Input‐to‐state stability of discrete‐time switched delayed systems with delay‐dependent impulses: Admissible edge‐dependent average impulsive interval

Abstract

AbstractThis article addresses the input‐to‐state stability (ISS) problem for general discrete‐time impulsive and switched delayed systems coupled by delay‐dependent impulses. In our studied systems, the impulsive signal has a large degree of freedom, that is, the impulse effect can occur simultaneously with or different from the switching effect. A new Lyapunov–Krasovskii functional is proposed to deal with the delay effect of switching signal and impulsive jump, which is divided into the delay‐independent part and delay‐dependent part. A new concept named admissible edge‐dependent average impulsive interval (AED‐AII) is set up to characterize the impulse sequence relative to the admissible edge‐dependent average dwell time (AED‐ADT) concept of the switching signal.
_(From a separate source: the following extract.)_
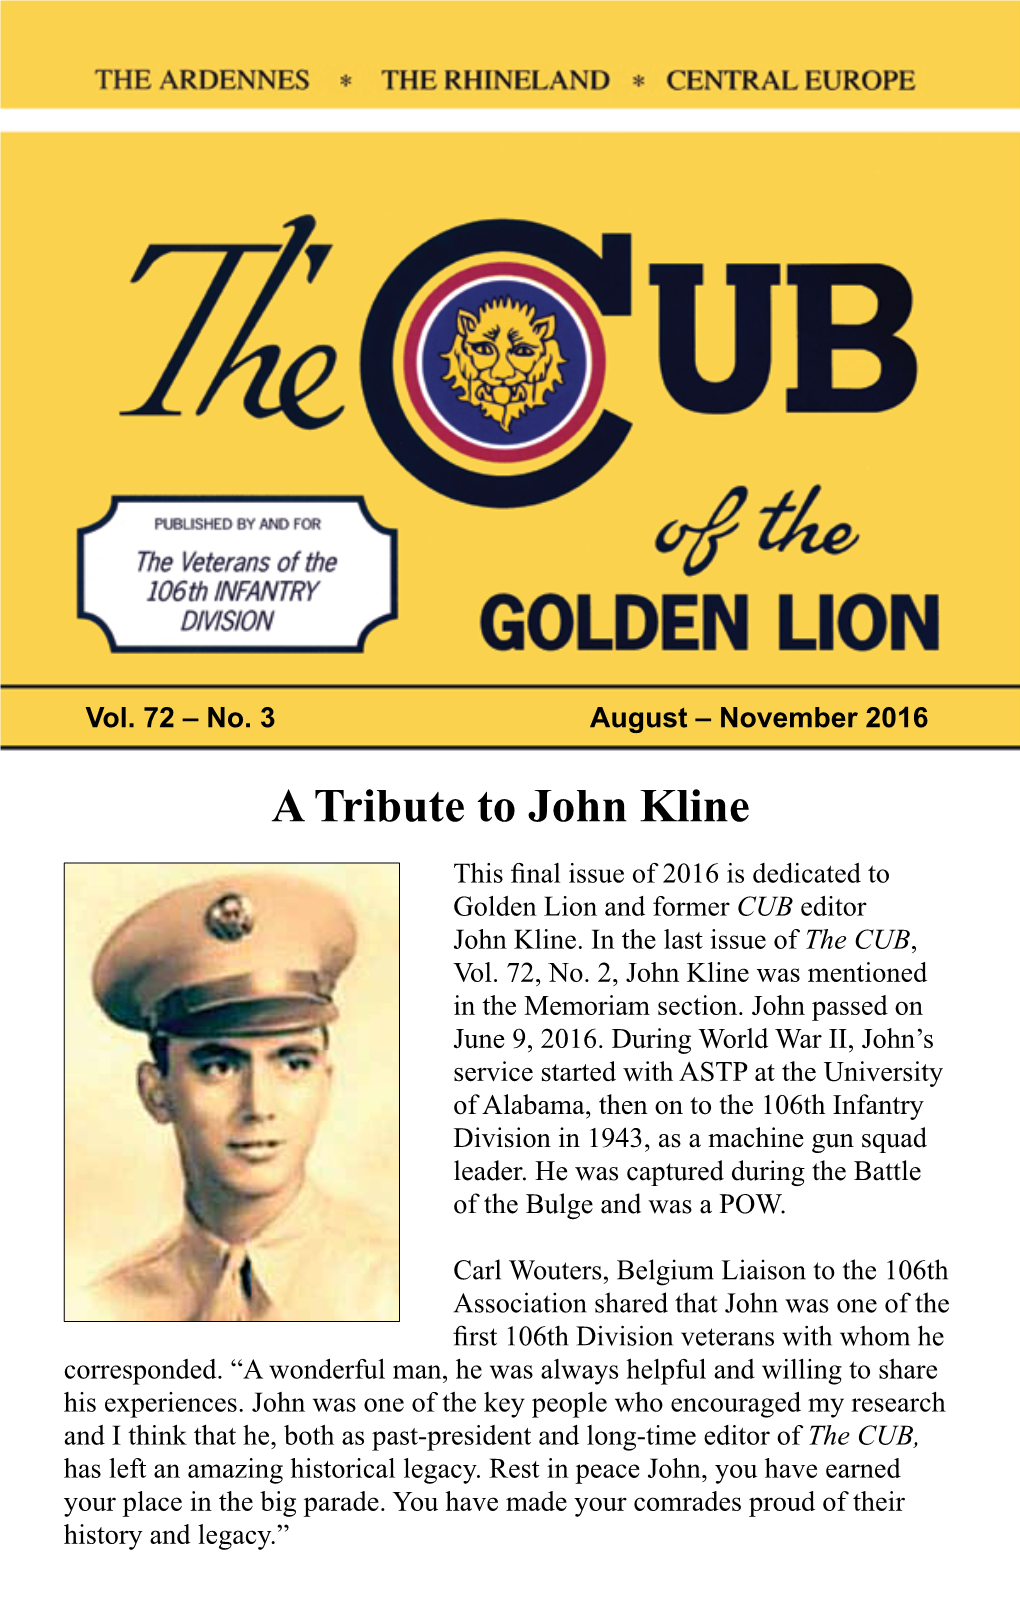 A Tribute to John Kline This Final Issue of 2016 Is Dedicated to Golden Lion and Former CUB Editor John Kline

Based on AED‐ADT approach and AED‐AII technique, some improved sufficient outcomes guaranteeing ISS of discrete‐time impulsive and switched delayed systems are presented, respectively, for stabilizing and destabilizing delay‐dependent impulses. Meanwhile, the relationship among AED‐AII, AED‐ADT, the jump amplitude of switching signal and impulse signal at their respective discrete points, the decay rate of Lyapunov functional for system dynamics is connected to pursue ISS of the whole system. Compared with previous works, our setups enjoy the following characteristics: it thoroughly digs the influence of time delay existing in impulses and system dynamics on the function part of L‐K functional, which are less conservative relative to other works; the proposed AED‐ADT switching signals and AED‐AII jump signals cover a large set of hybrid systems. Two numerical examples are given to illustrate the effectiveness and less conservativeness of the obtained results.